MILLION, LE
(director/writer: René Clair; screenwriter: based on the play by Georges Berr & Marcel Guillemaud; cinematographers: Georges Périnal/Georges Raule; editor: ; music: Armand Bernard; cast: Jean-Louis Allibert (Prosper), René Lefèvre (Michel), Annabella (Beatrice), Paul Ollivier (Grandpa Tulipe), Vanda Gréville (Vanda), Constantin Siroesco (Ambrosio Sopranelli), Odette Talazac (Soprano), Raymond Cordy (Taxi Driver); Runtime: 86; producer: Frank Clifford; Criterion/Janus; 1931-France)
“A brilliant lighthearted musical comedy that is one of the early films to be shot in sound. It’s directed with panache by René Clair.”
Reviewed by Dennis Schwartz
A brilliant lighthearted musical comedy that is one of the early films to be shot in sound. It’s directed with panache by René Clair. For its time it was a sophisticated and accomplished technical film, as it featured asynchronous sound and other inventive goodies. It is inspired by the play of Georges Berr & Marcel Guillemaud. A Dutch lottery ticket gets lost and a hunt for it pursues. It’s “A Night At The Opera” with better music and almost as much comedy. The dialogue is half-sung and half-spoken, yet it all comes together as one real funny work and with a deeper meaning than one might at first think.
The film is set in the Paris of 1930. In the opening scene, there’s a celebration taking place at night (so we already know everything turns out well). When two gentleman enter the apartment through the skylight roof door, they are told the celebration is for the lottery winner. His name is Michel (René Lefèvre) and he was a struggling artist and overnight he became a millionaire by winning the lottery. The story goes into flashback, as the events of what happened earlier in the hectic day are told.

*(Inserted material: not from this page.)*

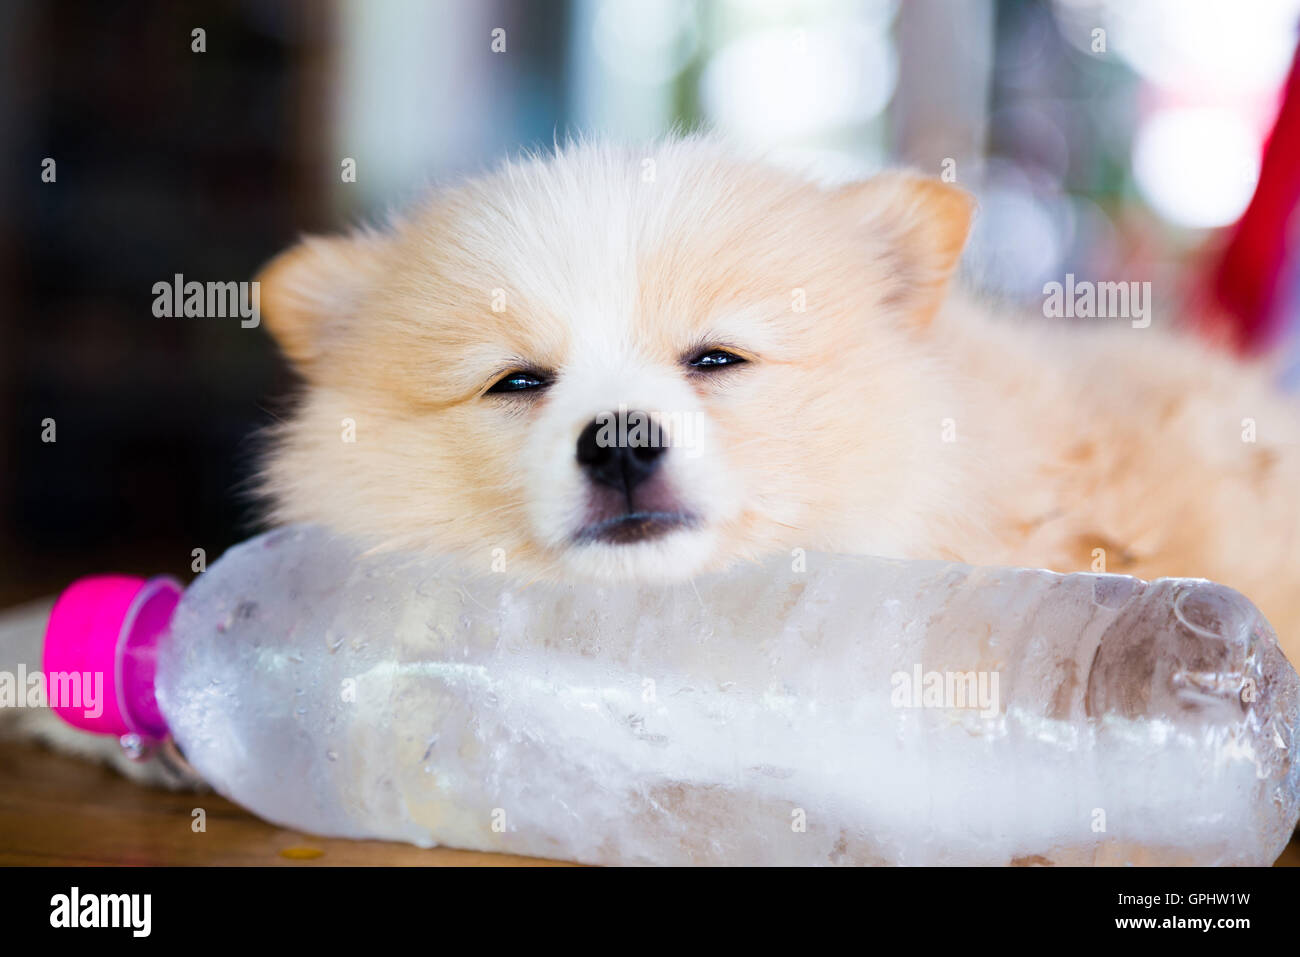 Brown Pomeranian Dog Sleeping On The Frozen Water Bottle Stock Photo Alamy

Michel is engaged to his attractive neighbor Beatrice (Annabella), who works as a ballet dancer. She gets jealous when she catches him smooching with his model Vanda (Vanda Gréville). Michel’s best friend is Prosper (Jean-Louis Allibert), also a struggling artist. He, too, loves Beatrice and attempts to gain from Michel’s reckless behavior. Meanwhile many creditors come to see Michel about the money he owes them, and this stops him from romancing Vanda. The butcher, grocer, landlord, and milk maid demand their money, as they threaten to impound his furniture and throw him out on the street if he doesn’t pay.
The police enter Michel’s apartment building and begin searching for a con artist called Grandpa Tulipe (Ollivier). But he eludes them by hiding out in Beatrice’s, where the police are fooled and mistake him for someone else when they see him playing the piano and dressed in the raggedy jacket Michel gave her to do some tailoring. Grandpa Tulipe borrows the jacket as a disguise to make his escape from the police who are still guarding the building, and before he leaves he promises to do her a favor in return.
Michel is ecstatic when he learns he won the lottery and then is despondent when he learns the jacket where he kept the ticket is missing. His creditors think he’s to become a millionaire by tomorrow, so they become best friends and extend him more credit. The grocer brings over an ample supply of refreshments and champagne for the celebration.
Michel and Prosper keep it to themselves that the ticket is missing. But Prosper uses this situation to trick his friend into splitting the ticket with him, if he can recover it. What he doesn’t tell Michel, is that Beatrice suddenly remembered the name of the man she gave the jacket to and told him.
The film is filled with madcap comedy, a few mix ups, and numerous sight gags. The jacket is transferred from Tulipe and then sold to a pompous opera tenor (Siroesco) from America, who is currently appearing in Boheme and has purchased it for that role. The trail of the jacket goes from Tulipe’s hideout to finally the opera house, but there was also a stopover in the jail. Michel is mistaken for Tulipe and arrested for stealing the opera singer’s watch. He only gets out when not Prosper but his new friends, his creditors, vouch for him. The comic highlight of the film takes place in the opera house, while the opera performance is going on there are a number of concerned parties trying to pull the jacket away from each other onstage. It looked like a Rugby scrum.
Clair’s perfect timing for comedy and his delicate touch, make this immensely enjoyable work one of the great classics. It could even be a masterpiece, I won’t argue. Its funny ironical last comment, which comes by way of a song, is that you’re not any worse off for being a millionaire.